Methotrexate of Lakhem

Препарат Метотрексат Лахема. Teva (Тева) Израиль



General characteristics. Structure:

METHOTREXATE Lakhema of 5 mg, solution for injections
Contains in 1 bottle: A methotrexate of 5 mg, chloride sodium of 16,5 mg, a sodium hydroxide in the quantity necessary for adjustment рН, water for injections of 2 ml.

METHOTREXATE Lakhema of 20 mg, solution for injections
Contains in 1 bottle: A methotrexate of 20 mg, chloride sodium of 14 mg, a sodium hydroxide in the quantity necessary for adjustment рН, water for injections of 2 ml.

METHOTREXATE Lakhema of 50 mg, solution for injections
Contains in 1 bottle: A methotrexate of 50 mg, chloride sodium of 35 mg, a sodium hydroxide in the quantity necessary for adjustment рН, water for injections of 5 ml.

METHOTREXATE Lakhema of 1000 mg, solution for injections
Contains in 1 bottle: A methotrexate of 1000 mg, chloride sodium of 50 mg, a sodium hydroxide in the quantity necessary for adjustment рН, water for injections of 20 ml.




Pharmacological properties:

Pharmacodynamics. The methotrexate represents itself the antimetabolite relating to group of analogs of folic acid.

Activity of a methotrexate is caused by inhibition of synthesis of DNA, RNA, thymidylate and protein in result of rather irreversible binding with digidrofolatreduktazoy that interferes with recovery of dihydrofolate in active tetrahydrofolate.

So as the methotrexate renders action in S-faze of a cellular cycle, it is most active concerning fabrics with high proliferation of cells, such as tumoral fabric, marrow, epithelium cells. Besides, the methotrexate has immunosuppressive properties.

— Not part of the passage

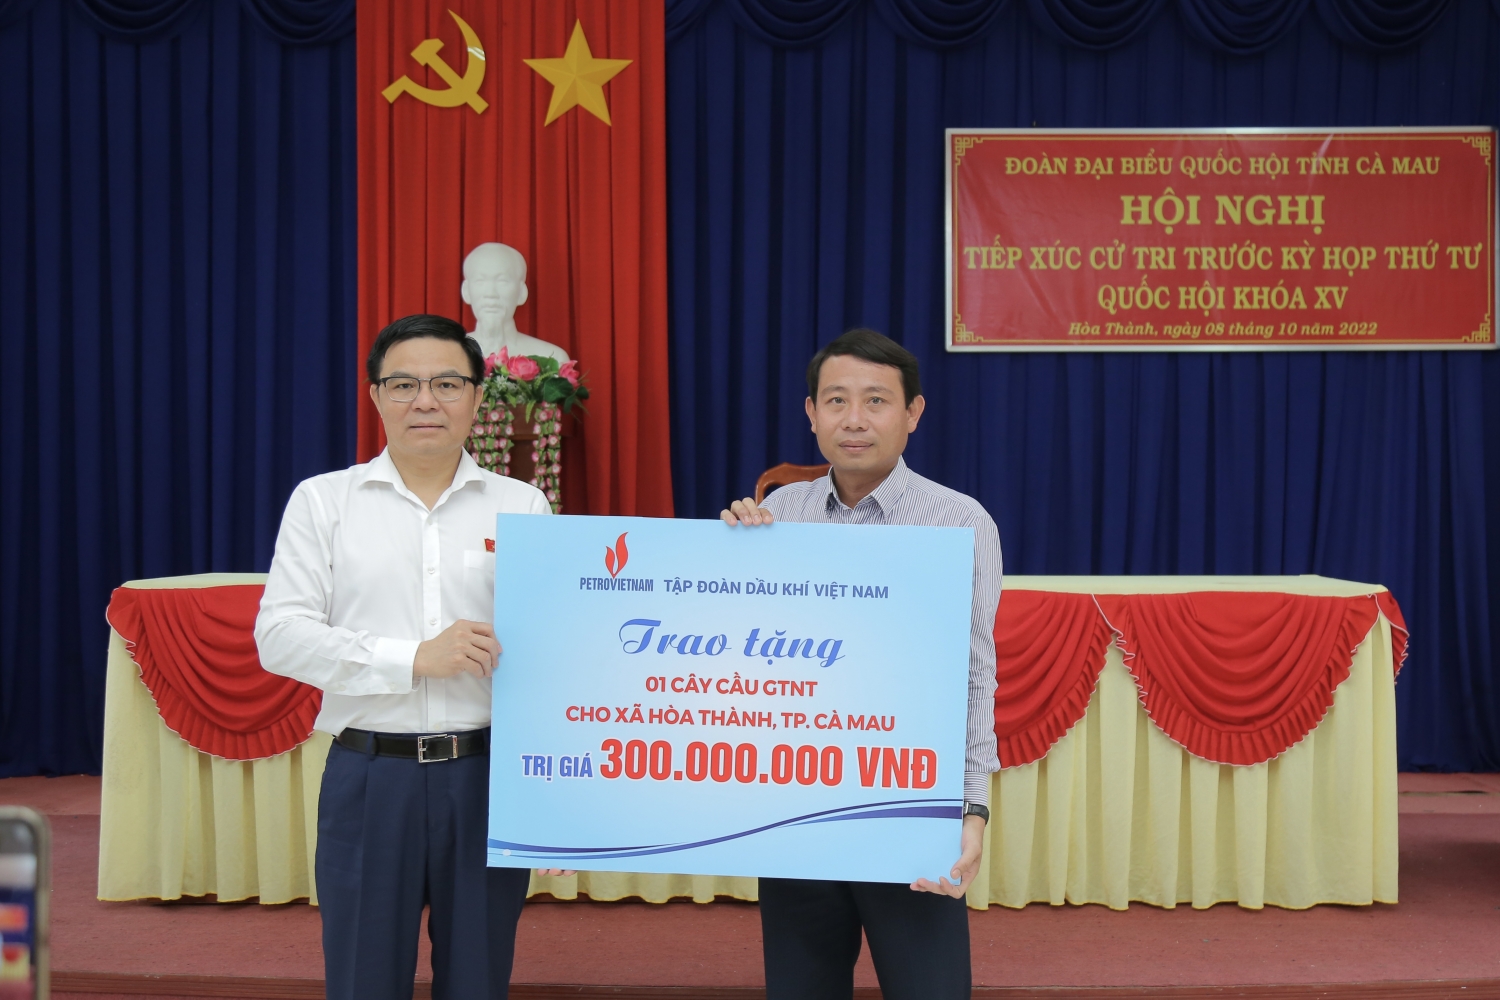 Đồng chí Lê Mạnh Hùng trao biển tượng trưng ủng hộ xây dựng cầu giao thông nông thôn tại xã Hoà Thành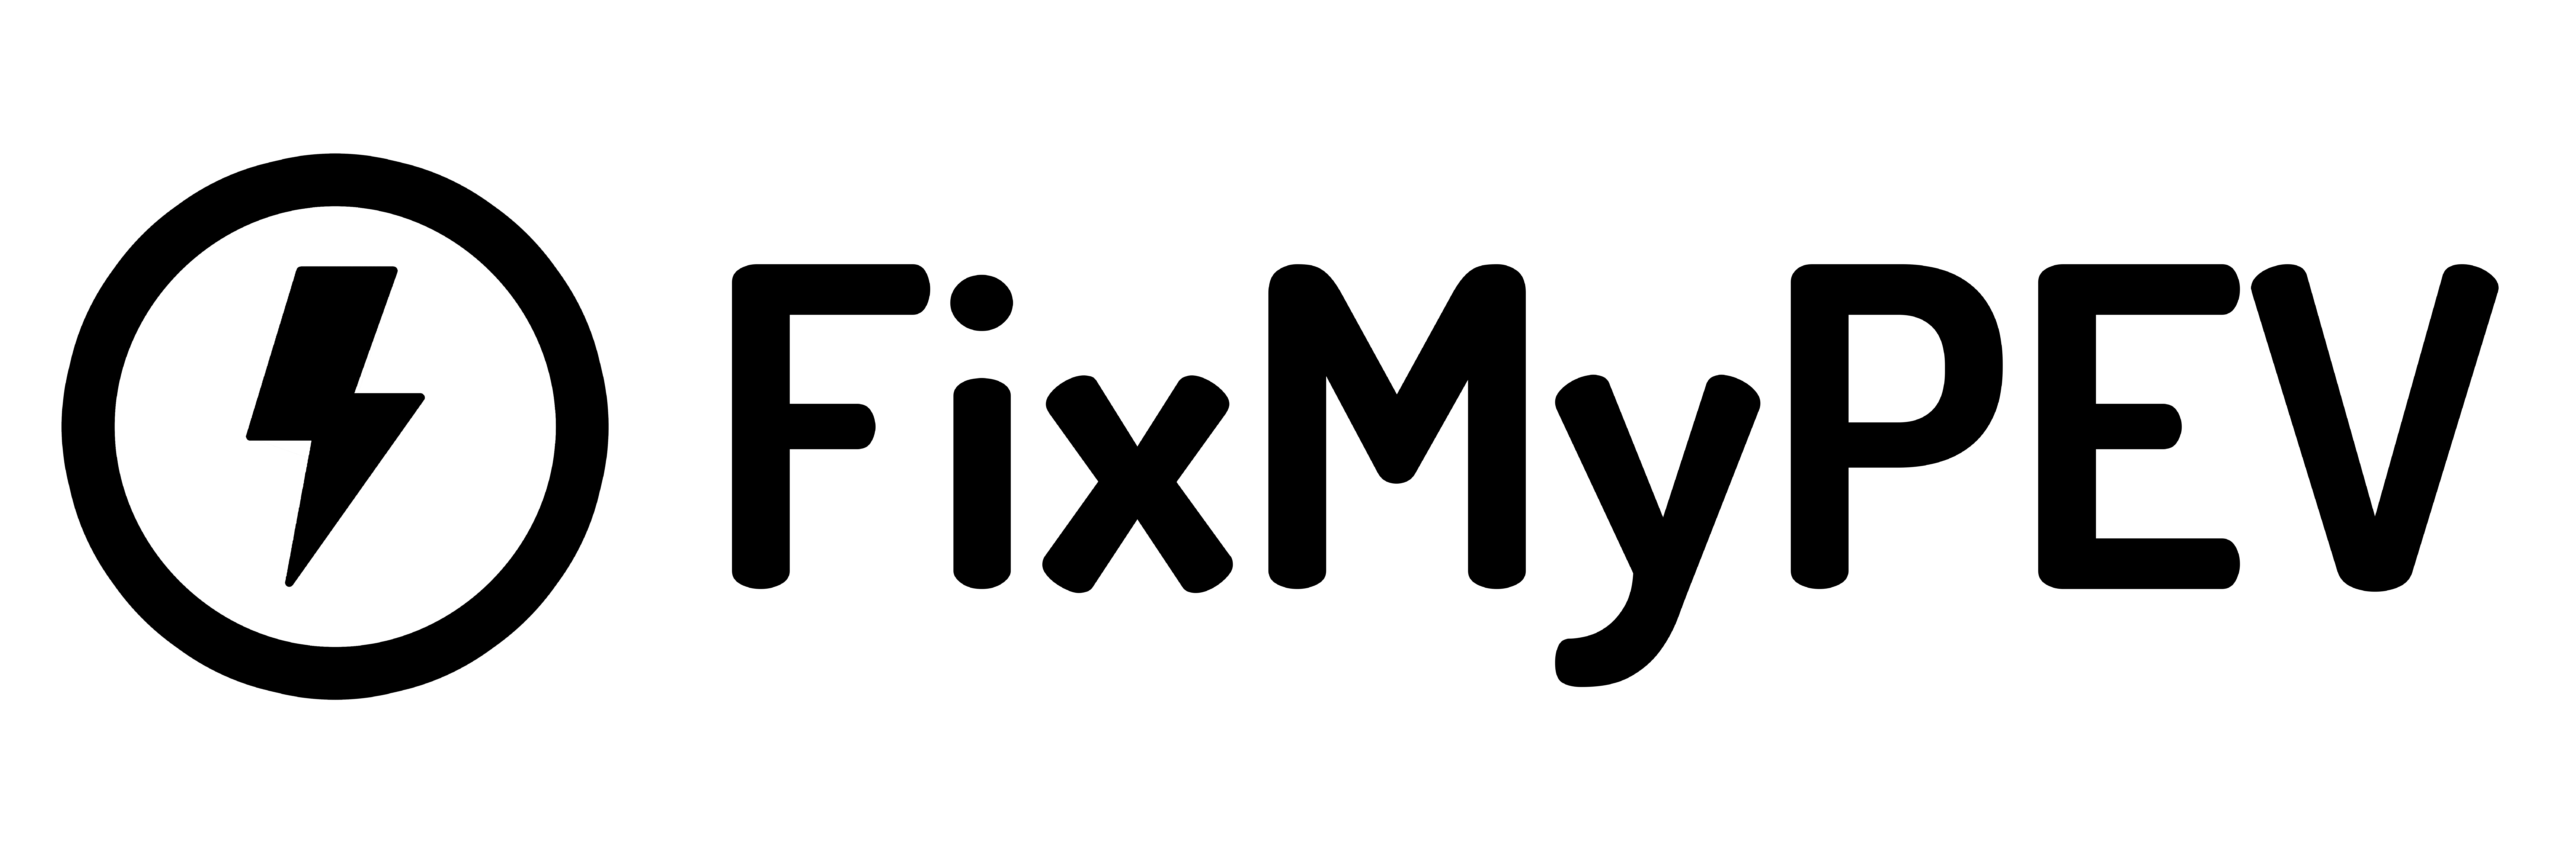 FixMyPEV logo in black

Pharmacokinetics. After intravenous administration the methotrexate is quickly distributed in limits of the volume equivalent to the total amount of liquids of an organism. The drug elimination half-life in an early phase of distribution makes 0,75±0,11 hours. The methotrexate disappears from blood plasma in the two-phase way. In an initial phase the period of its semi-removal makes 2-4 hours, an in a final phase (which is long) the period of its semi-removal makes 8-10 hours. At renal insufficiency both phases of removal of drug can be considerably prolonged. 50-80% of the entered dose of a methotrexate are found in an invariable look in urine within the first twelve hours after drug infusion. For use of normal doses of drug the clearance of creatinine has to be not less than 40 ml/min. For schemes in which higher doses are applied the clearance of creatinine has to be not less than 60 ml/min. If these values provided below, a methotrexate it is impossible to enter. The methotrexate badly diffuses in cerebrospinal fluid therefore at system therapy achievement of cytotoxic concentration of drug in cerebrospinal fluid requires purpose of high doses for a long time. Removal of drug at patients with the expressed ascites or exudates considerably in a slowed-up way.


Indications to use:

• trophoblastic tumors,
• acute leukoses (especially lymphoblastoid and miyeloblastny options),
• neuroleukaemias,
• nekhodzhkinsky lymphoma, including lymphosarcomas,
• cancer of a mammary gland, planocellular cancer of the head and neck, lung cancer, skin cancer, cancer of a neck of a uterus and vulva, gullet cancer, cancer of kidneys, bladder cancer, germinogenny tumors of a small egg and ovaries, cancer of the sexual member, retinoblastoma, medulloblastoma,
• osteogennaya sarcoma and sarcoma of soft fabrics, Ewing's sarcoma,
• severe forms of psoriasis,
• fungoid mycosis (far come stages),
• rhematoid arthritis (at inefficiency of standard therapy).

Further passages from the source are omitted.